DATA SHOWN:
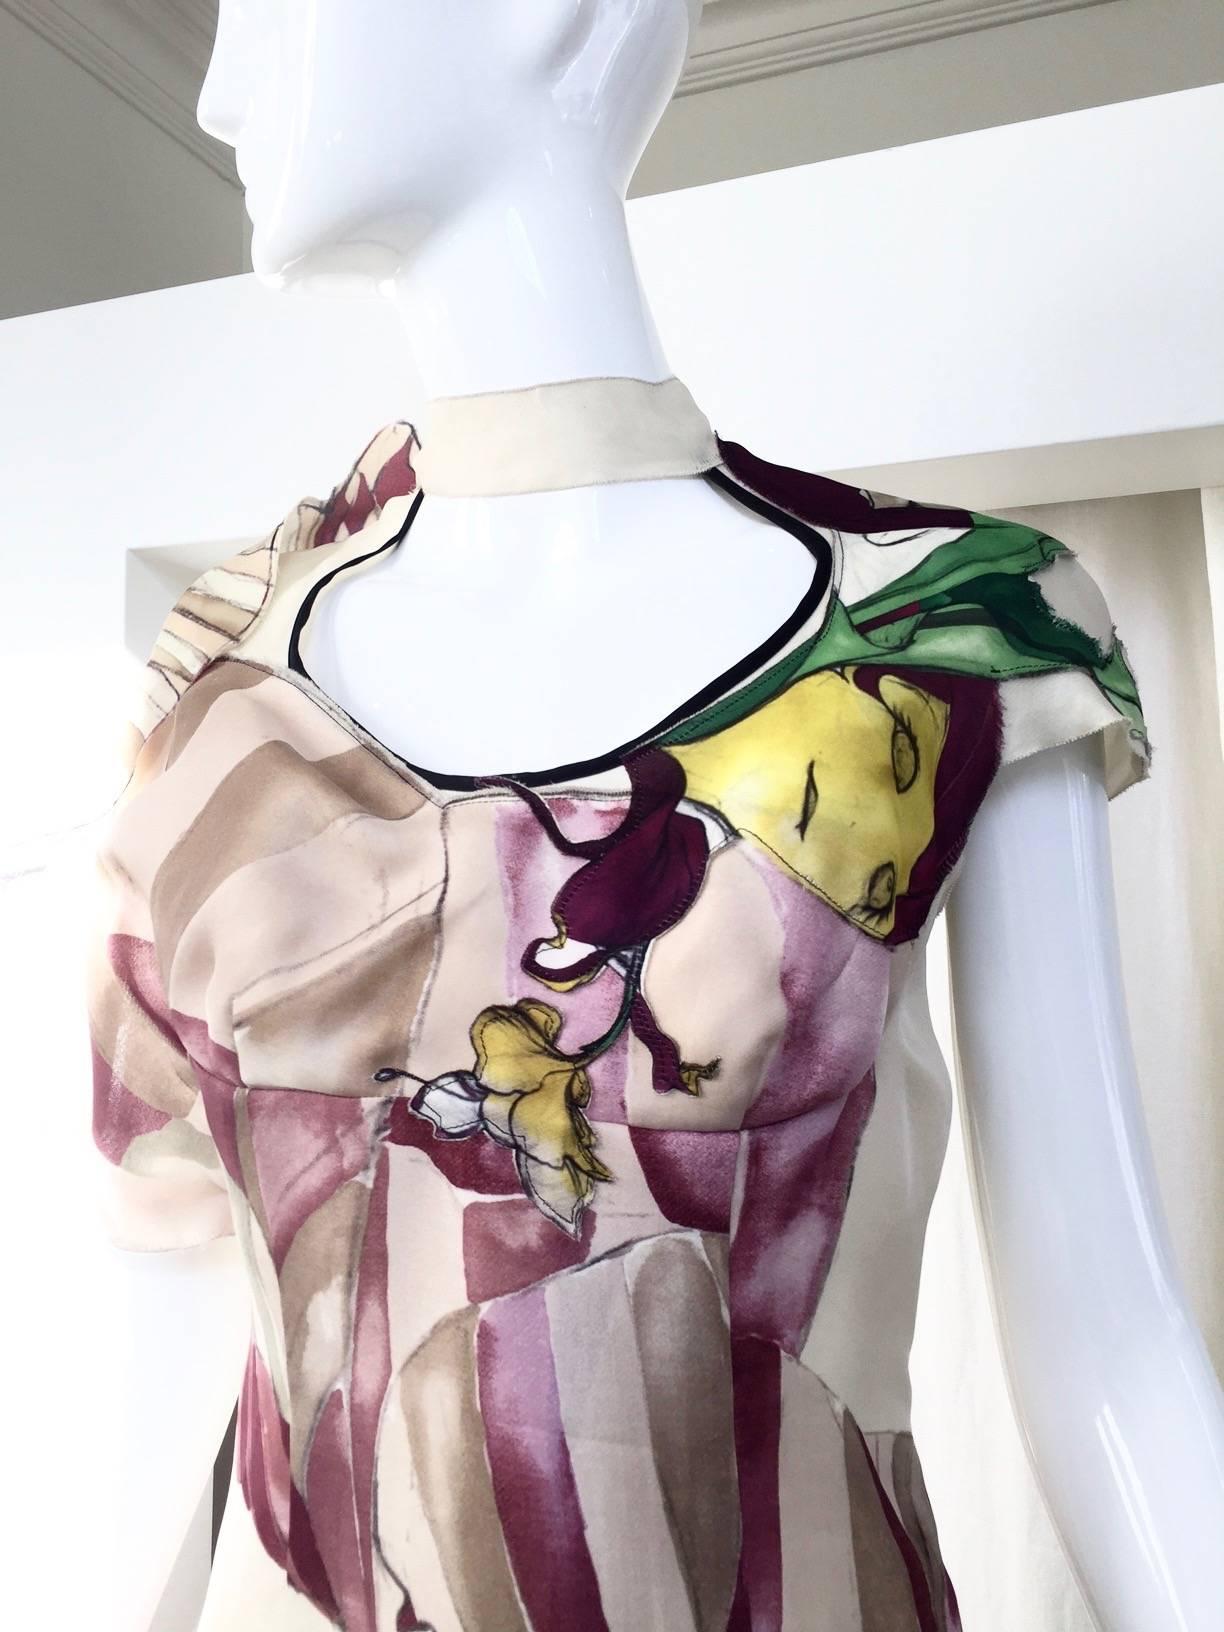 Iconic  2008 Prada fairy silk print runway  dress. 
Size: 38/size 0 or 2. 
Measurement:
Bust: 30.5

TASK PROMPT:
Set down the entire material verbatim, with each picture left out.

TASK OUTPUT:
 Iconic  2008 Prada fairy silk print runway  dress. 
Size: 38/size 0 or 2. 
Measurement:
Bust: 30.5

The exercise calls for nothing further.